Identifying Metals & Minerals with a Metal Detector
Identifying Metals: These include gold, silver, copper and any other metal that is valuable and non ferrous. These should respond to a metal detector as metallic, as long as they are in a conductive form and there is a sufficient amount to interfere with the electromagnetic field of the search coil.
Minerals: For all convenient reasons the only mineral that a metal detector will recognize as mineral are magnetic iron ore or black sand. It is very easy to test this whether the ore contains a predominance of either metal or mineral. If a sample of ore does not have neither metal nor mineral, the metal detector will not give any response.
A mineral response from the metal detector does not automatically show there is no metal there, but that there are more minerals present. When the sample gets a metallic response, you can be sure that it has metal in conductive form in such amounts that you should search the specimen very thoroughly. The capability of response of metal detectors with discrimination give these days make it one of the most important tools for being able to identify metal versus mineral.

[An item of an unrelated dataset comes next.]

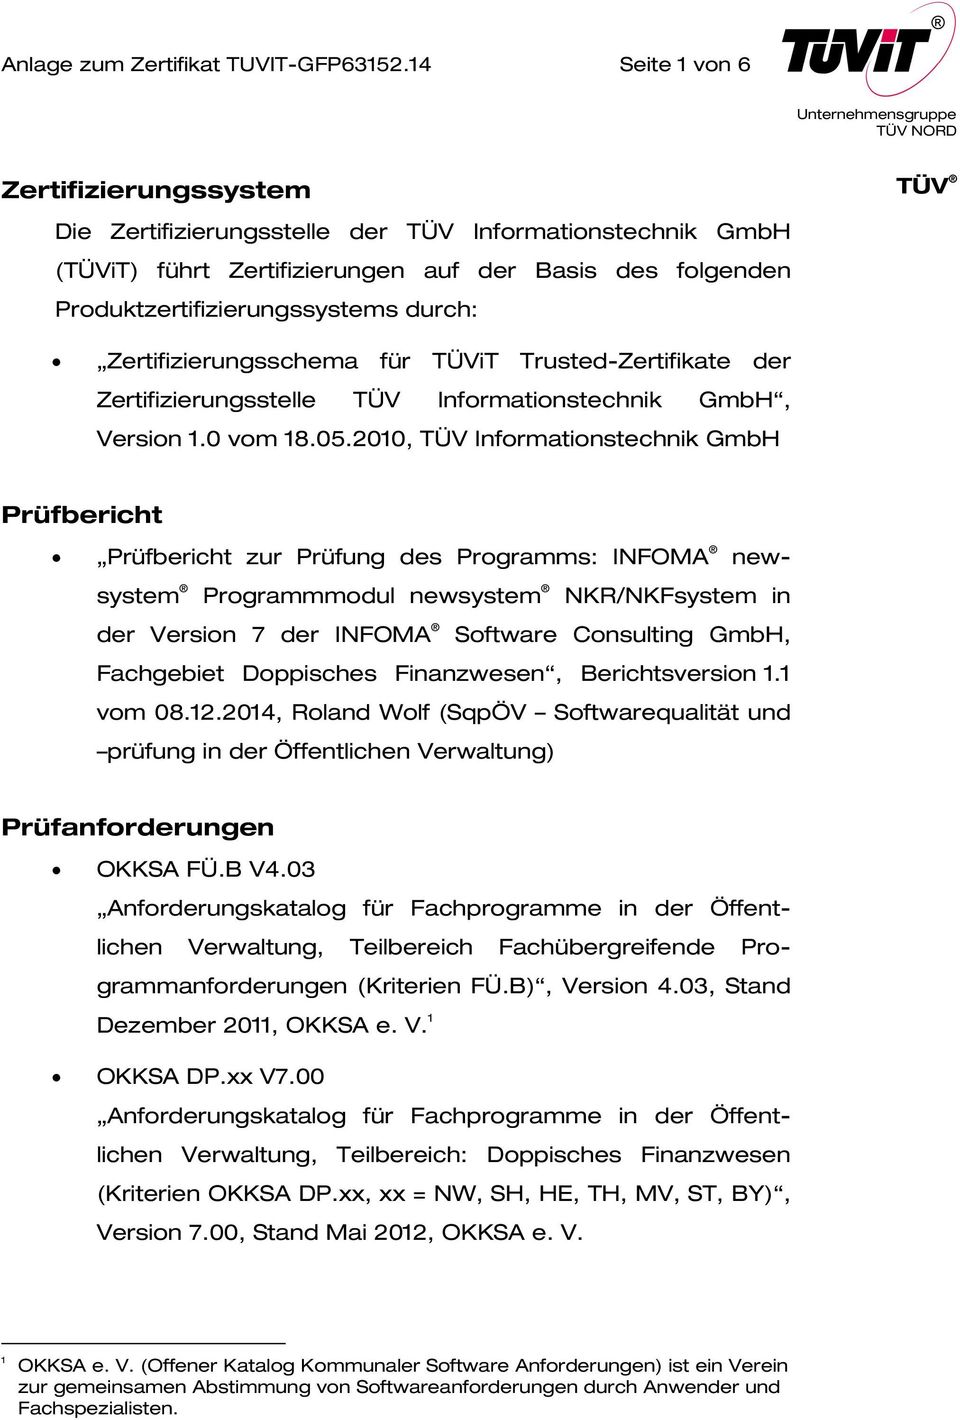 Zertifizierungsschema für TÜViT Trusted-Zertifikate der Zertifizierungsstelle TÜV Informationstechnik GmbH, Version 1.0 vom 18.05.

There is a little bit of a possibility that a specimen could have electrically equal quantities and precise amounts of metal and mineral. In this sort of case, they would each neutralize or balance out the effects of the other, and an indication would not be obtained.
Remember that a specimen testing mineral, nonetheless, should not be discarded as containing some amount of metal; the results of the tests could have shown only a prevalence of mineral. If the specimen shows there is metal, you can be sure that it has some metal in conductive form in an amount enough to disturb the search coil’s electromagnetic field.